Between 1936 and 1938, the Works Progress Administration interviewed more than 2,300 formerly enslaved people who were still living in their old age. These interviews are among the most powerful primary sources that exist. Interviewees named the counties and families they had been enslaved by, named siblings and parents, described the plantation, and described life before and after emancipation. The full collection is free at the Library of Congress: loc.gov — search "Slave Narratives Federal Writers Project."

— STRATEGY 7: DNA —

When paper records run out, DNA can continue the story. Your DNA matches are living relatives. Clustering your matches — grouping people who also match each other — can help you identify which family line a mystery ancestor belongs to even when no paper record exists.
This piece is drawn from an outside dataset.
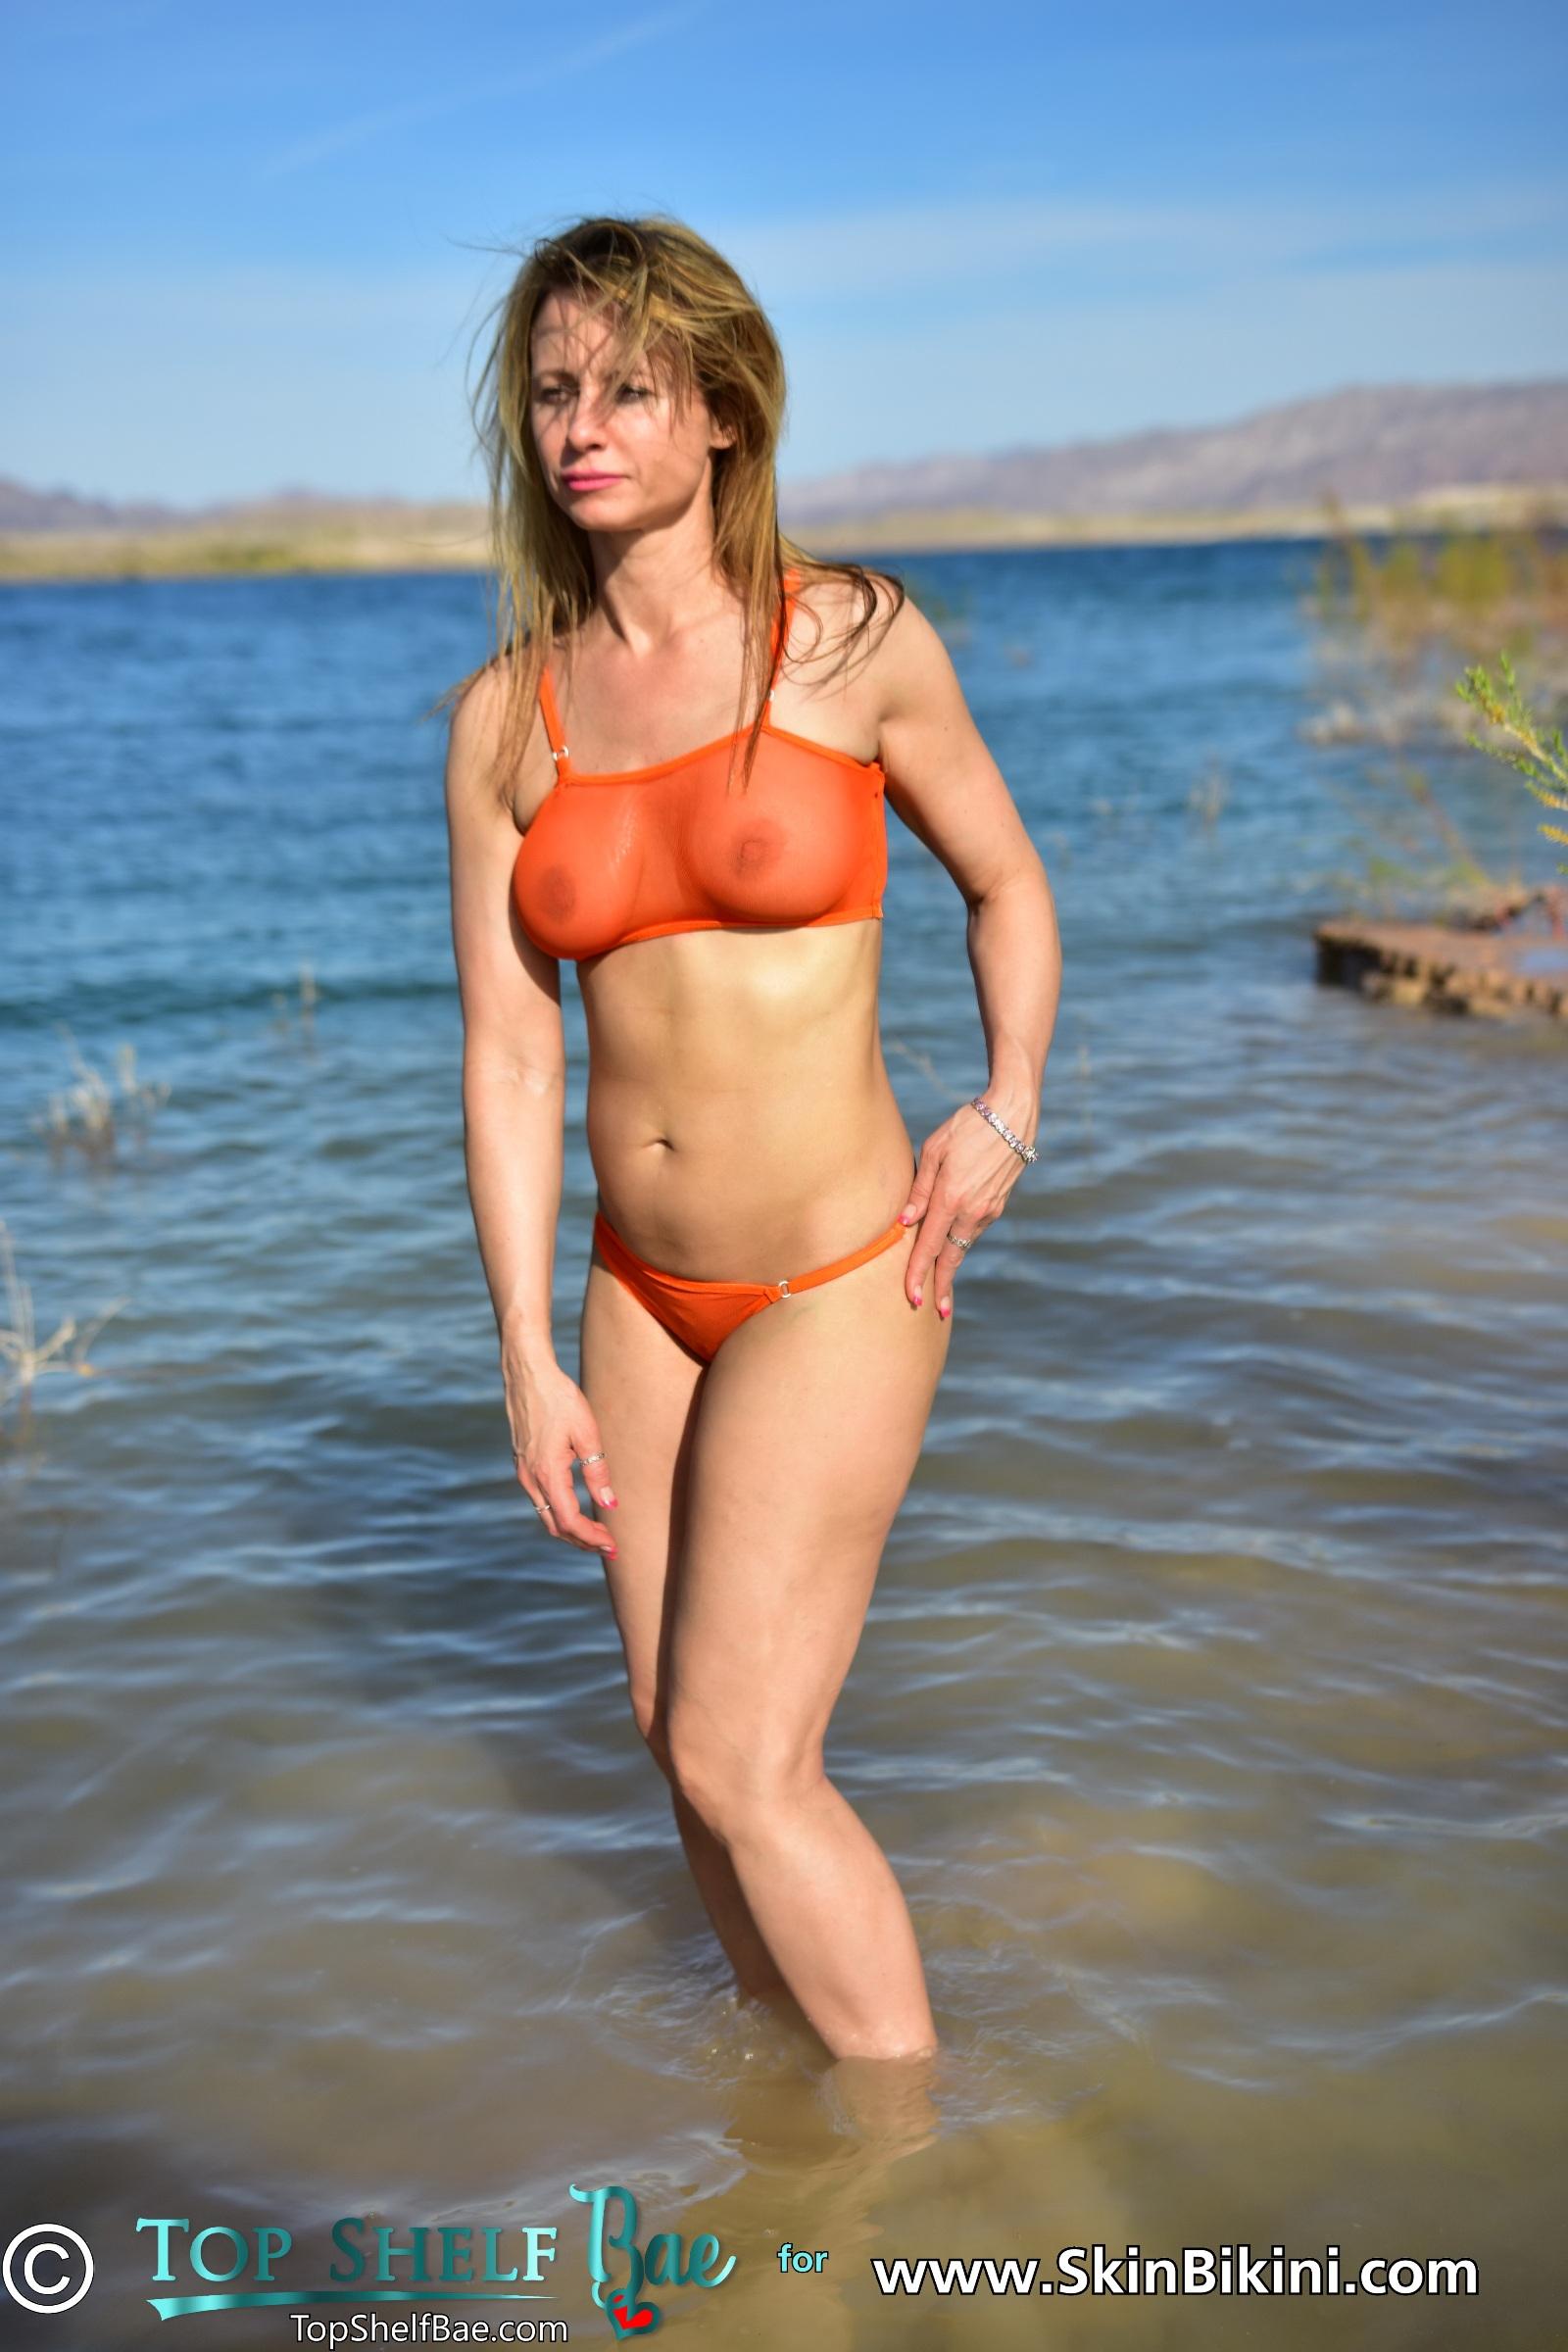 Sexy USA model from Topshelfbae is wearing daring see-thru tankini set from SkinBikini.com

This is especially powerful for identifying the enslaved family's origins before emancipation.



Post your brick wall below. Share your ancestor's name, approximate birth year, and last known location before 1870. This community has walked these roads. Someone may have already found what you are looking for.
1 Reply
ShellyDav · Apr 3, 2026
One thing I want to add about Freedmen's Bureau marriage registers specifically:

When formerly enslaved people were emancipated in 1865, many immediately registered their marriages through the Freedmen's Bureau — marriages that had existed for years or decades but had never been legally recognized. These registers often record both the husband and wife's name, their former enslavers, how long they had been together, and sometimes the names and ages of their children.

If you cannot find your ancestor in the Freedmen's Bureau labor contract records, check the cohabitation registers. In North Carolina especially, county-level cohabitation registers (separate from the Bureau records) were kept from 1866 onward and name thousands of families.

FamilySearch has them under North Carolina, Cohabitation Records, 1865-1867. They are remarkable documents.